You sum those together and you end up with 25 PSI back pressure at the flow rate you’re running. If your back pressure at that point and you put a hydraulic gradient in it, which is your friction drop per mile, and you look back the line to where the gradient goes over the high point.
If the pressure there is lower than vapor pressure, then you have to increase back pressure in your delivery facility. You can look at, “Do I want to do something like decrease the size of my tank farm piping so that I’ve got more back pressure in the facility?”
Or, the real common thing and the things that we do a lot of is you put a back pressure valve in which creates variable friction loss, so that you can run the line always in its optimal way. You don’t want to always be burning off 100 PSI through your facility. Sometimes you need 25 and sometimes you need 100.
Dan: We have some lines that keep about 40 to 50 pounds of back pressure. We’ve had lines that keep 400 pounds of back pressure in areas where the elevation profile is treacherous.
Russel: Right. This is one of those things. I say this all the time, but everything is easy until you know enough about it. This is one of those conversations where on the surface of it it seems pretty easy, but it gets real complex real quick as you start throwing in all the variables.
A simple illustration of this for listeners that might not have ever been exposed to this stuff that we’re talking about — this hydrology. If you think about a straw and I’m trying to move liquid through a straw. If I’ve got a mouthful of water and I’m blowing through a straw, if I put my finger over the end of the straw, I can blow real hard and I’m not going to get any fluid to come out.
If I remove it, it’s just going to come right out. If I take it and I just leave a little bit, I’m going to get a stream of water, and that water, if it’s a high enough pressure stream, is going to go to vapor pretty quickly or small droplets pretty quickly.
All of this conversation about slack line is managing that reality in hundreds of miles of pipe. It sounds simple if you say it quickly so don’t slow down.
[laughter]
Dan: Right, and we’ll say that nothing is ever empty. We talk about an empty pipe, well, that pipe may be full of air. We say a line goes slack. Okay, it’s empty at the top. Really, that’s a vapor pocket. All of those things have to be managed. It’s never empty, and air and vapor have to be managed very differently. It just makes our job fun.
Russel: Yeah, well, that’s right. Fun, that’s the perfect word. Let’s talk a little bit about normal startup and shutdown because those are the three key operating conditions you get concerned about around slack line.
Let’s give the listeners a definition of normal startup and shutdown and why slack line is a different consideration in those cases.

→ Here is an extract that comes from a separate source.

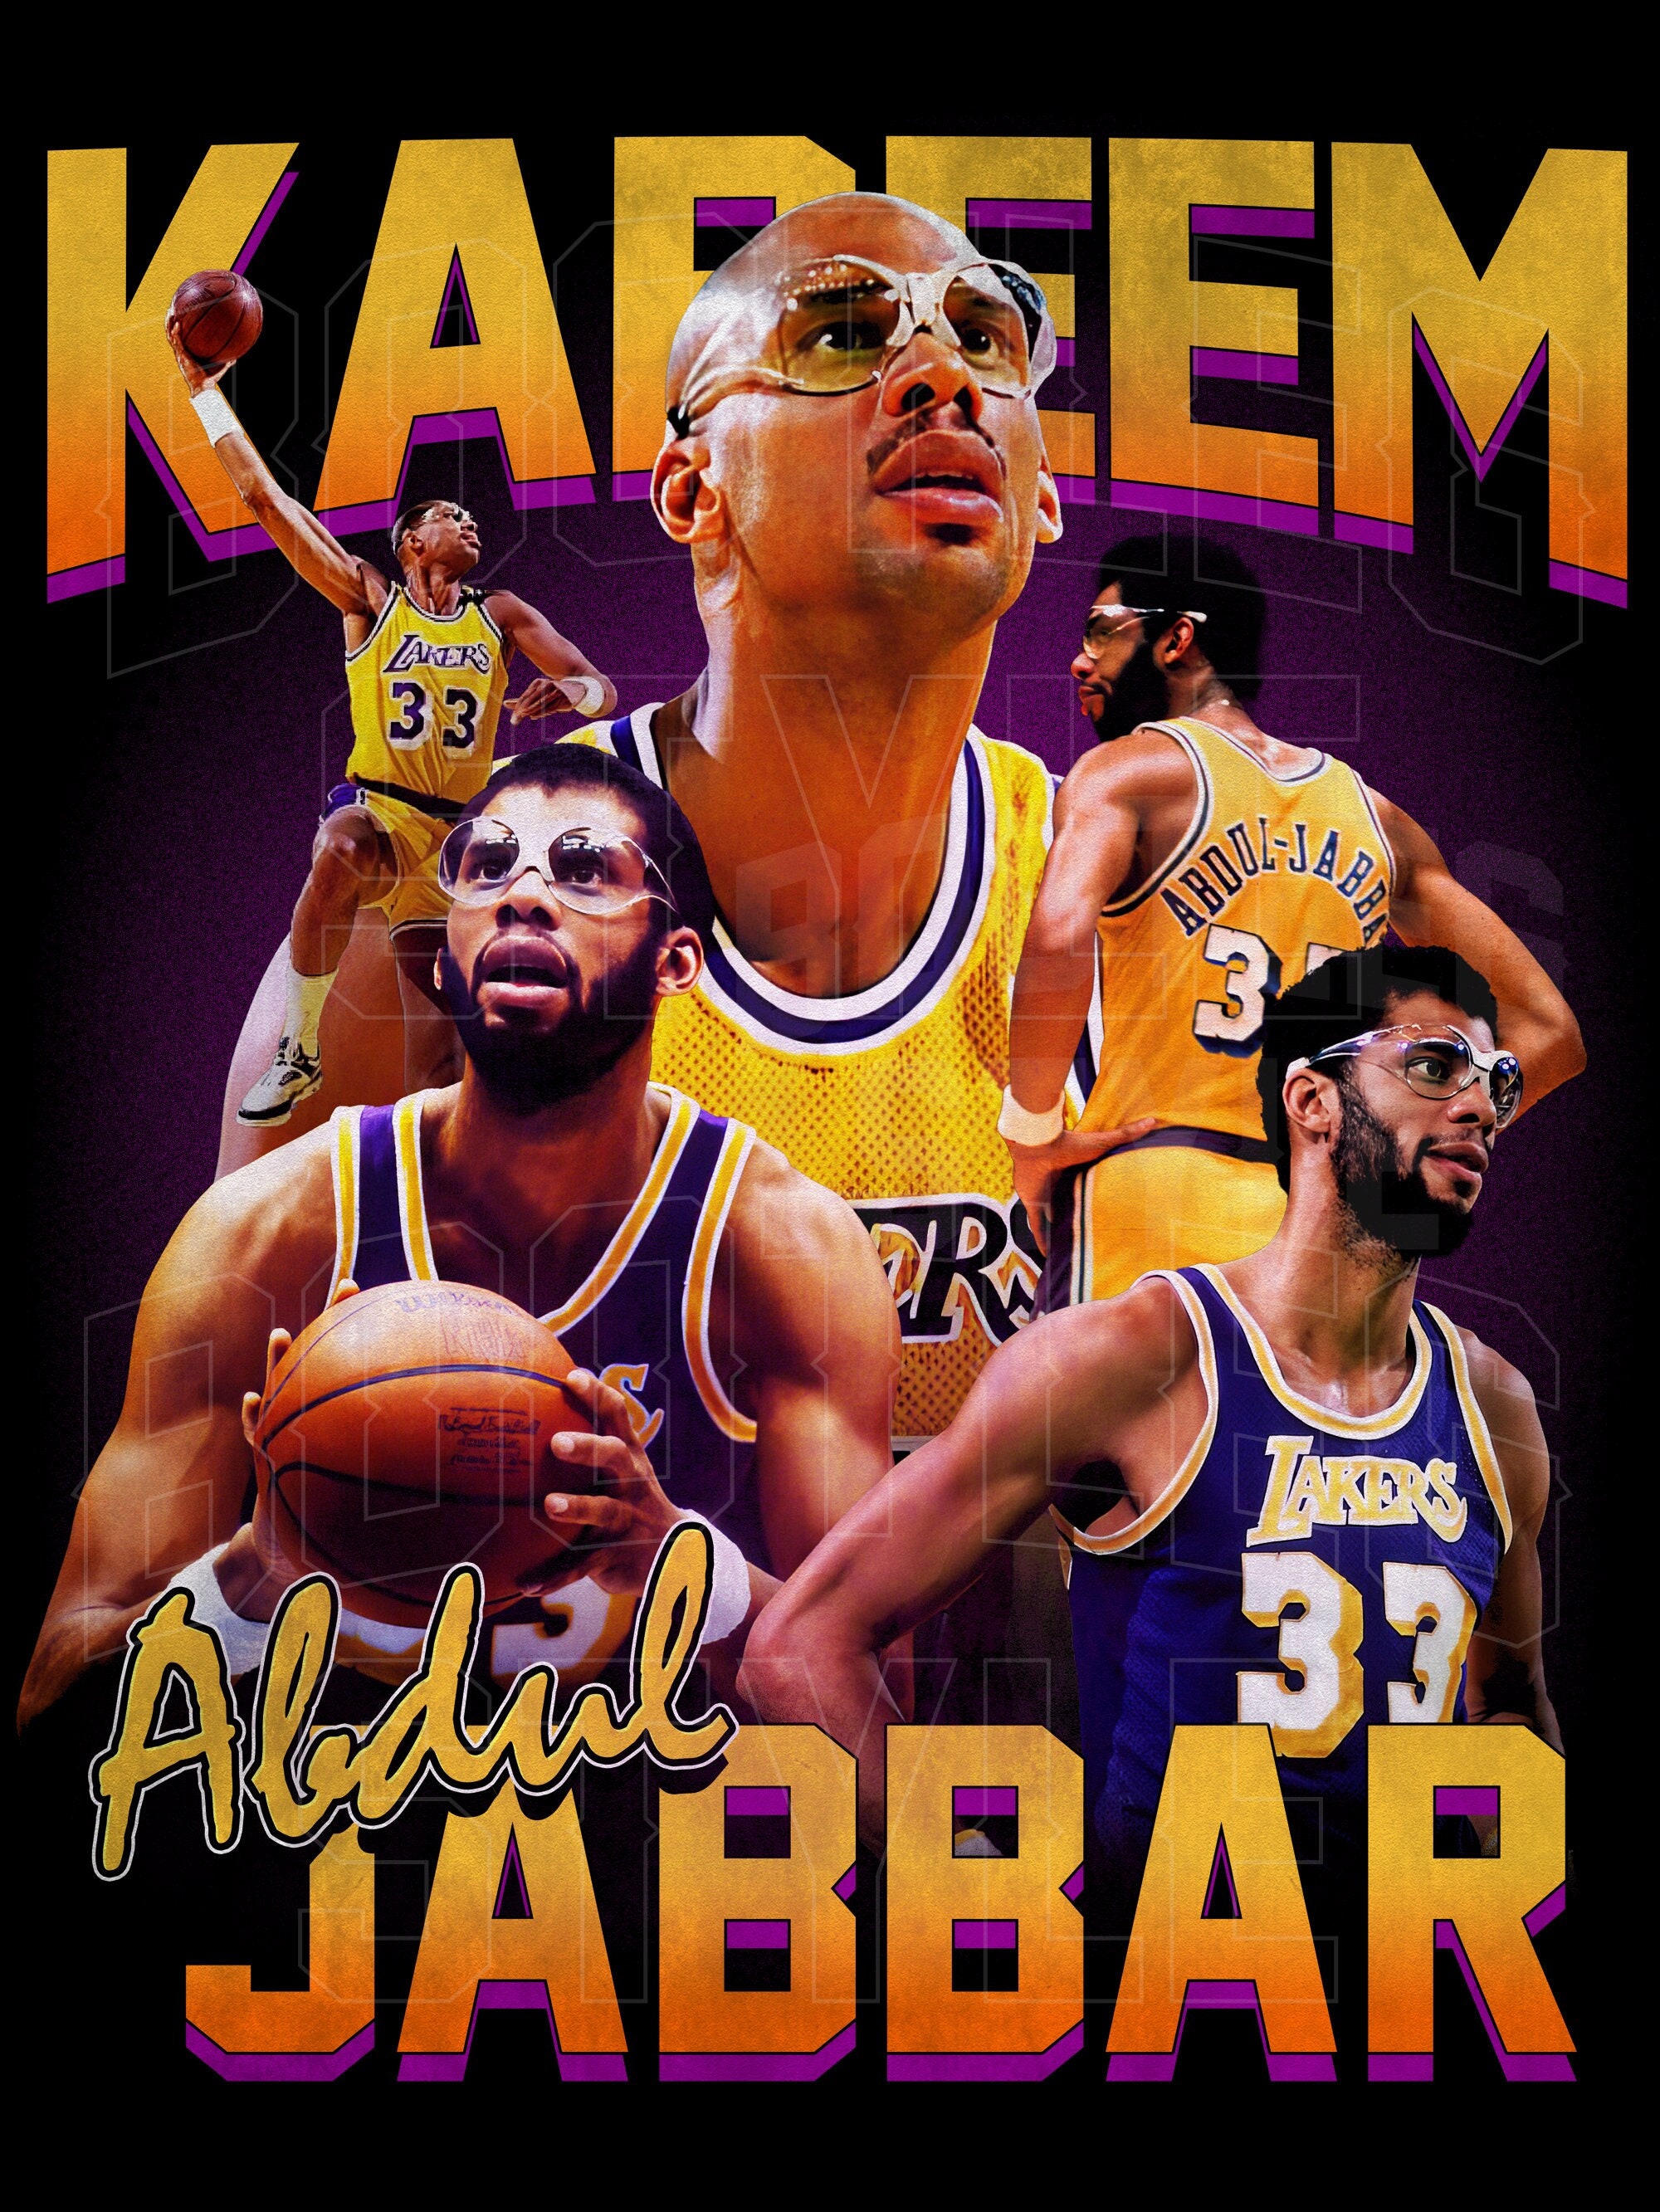  Lakers Los Angeles Legends Poster 36 x 24 Kareem, Shaq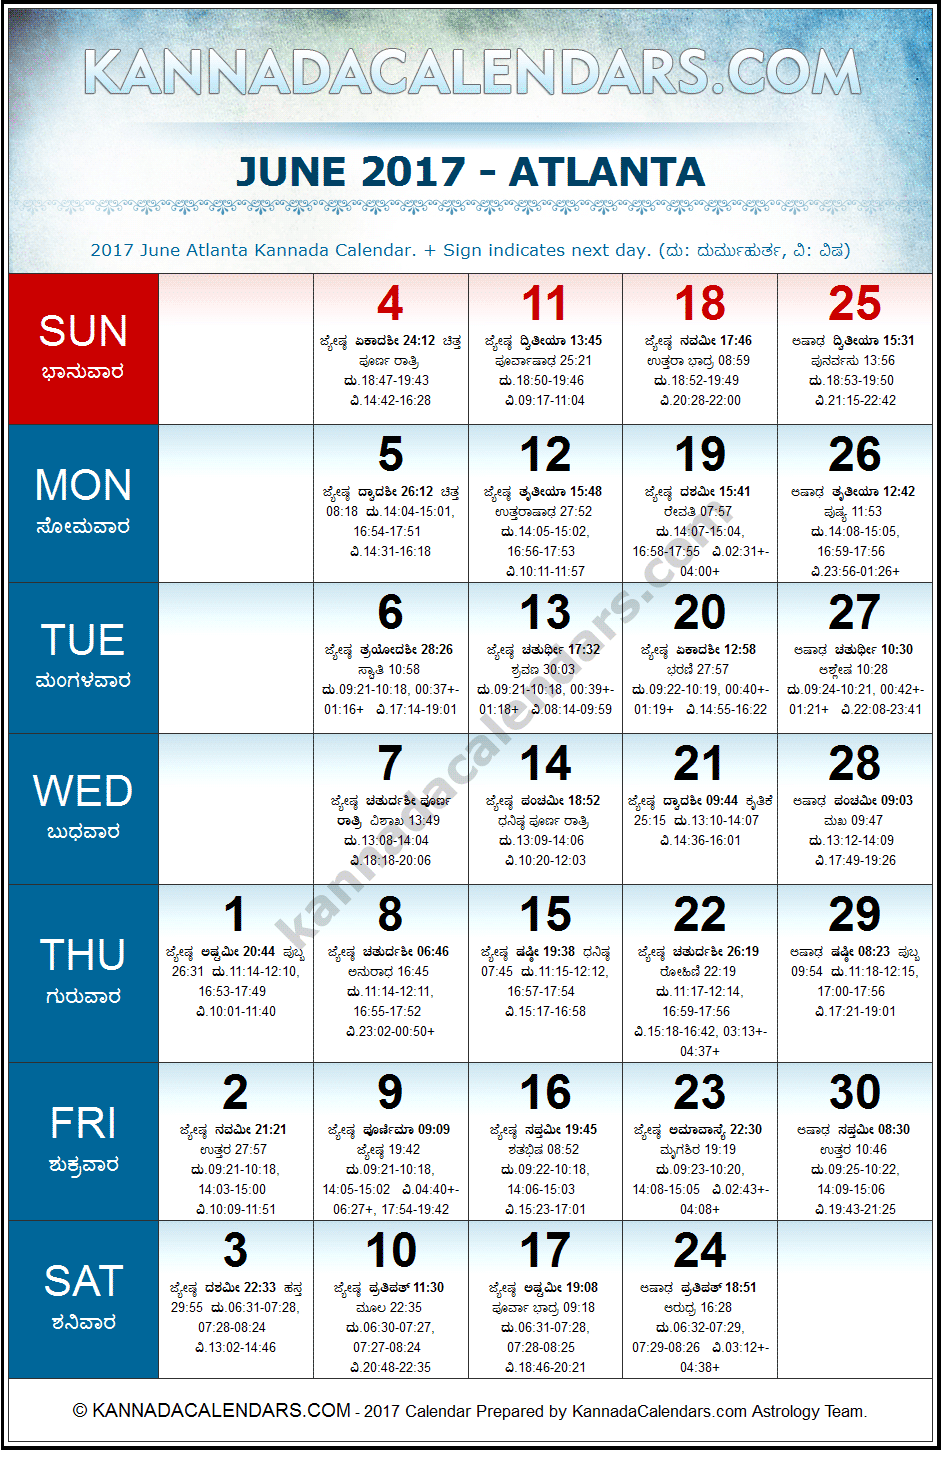 June 2017 Kannada Calendar for Atlanta, USA

Dan: Honestly, it might be easier to start with shutdown because we don’t like to start up a line having been slack for any length of time due to leak detection purposes, and we can talk about that in a bit.
When we shut our lines down, we’ve actually taken great efforts to do studies on all of our pipelines to model their particular shutdown characteristics for those elevation profiles, the pumps, as Jason mentioned. We have back pressure valves on several lines.
We will tune transient models to accurate line conditions. We will develop shutdown procedures to try to trap as much pressure as possible on the line. You don’t want to trap so much that you pop a relief valve or you exceed 110 percent of MOP. We also don’t want to trap nothing and shut the line down in the slack condition.
On all of our systems, that’s a big thing that our group does, is we will model those shutdowns. We work with the operations center on procedures to shut it down and trap as much pressure as possible. That way, when we start up, we know that we’ve had good leak detection the whole time.
On the startup of a line that has gone slack, one thing that’s difficult about that is when you have that vapor cavity collapse at one or several high points along your line, you’re going to have a pressure spike there that’s not going to be seen at the transmitters on either end.
Industry literature indicates that that would be typically about half of a typical Joukowsky spike, which is the instantaneous surge spike you get on a valve closure. There’s a bit of a peril there. We’re currently working through the phases to manage that.
Russel: Yeah. We probably ought to talk a little bit about Joukowsky, and what’s otherwise called water hammer, and why that’s such an important consideration in this. If we could, maybe we’ll just depart on that a little bit.
When you think about normal operation or what’s sometimes called static operation, that’s just the line is flowing and it’s flowing around its designed pressure — around its designed parameters. That would be kind of considered normal operation, another way to refer to it.
When I’m shutting down, I’ve got to close valves to hold that pressure, and the rate at which I close those valves is material. If I close them too fast, I’m going to get water hammer. I’m going to get that pressure spike, and I’m going to move it up and down the line. That could be very damaging.
It’s a non-trivial thing, right, to shut a line down and hold pressure but without causing pressure transients.
Dan: Right. That’s where we have…all of our lines either have a mainline surge relief valve at the delivery location to manage this or we’ll put a flow control on the line to keep the shutdown at an intrinsically-safe pressure.
If we did have a valve closure, we would be able to withstand that spike and that pressure build without exceeding 110 percent of our MOP.
Russel: Right. Do you guys have any situations where you would automatically close a valve on some kind of an emergency or upset or is that all done by…when I say automatically, I mean through the automation versus by a controller operating a valve?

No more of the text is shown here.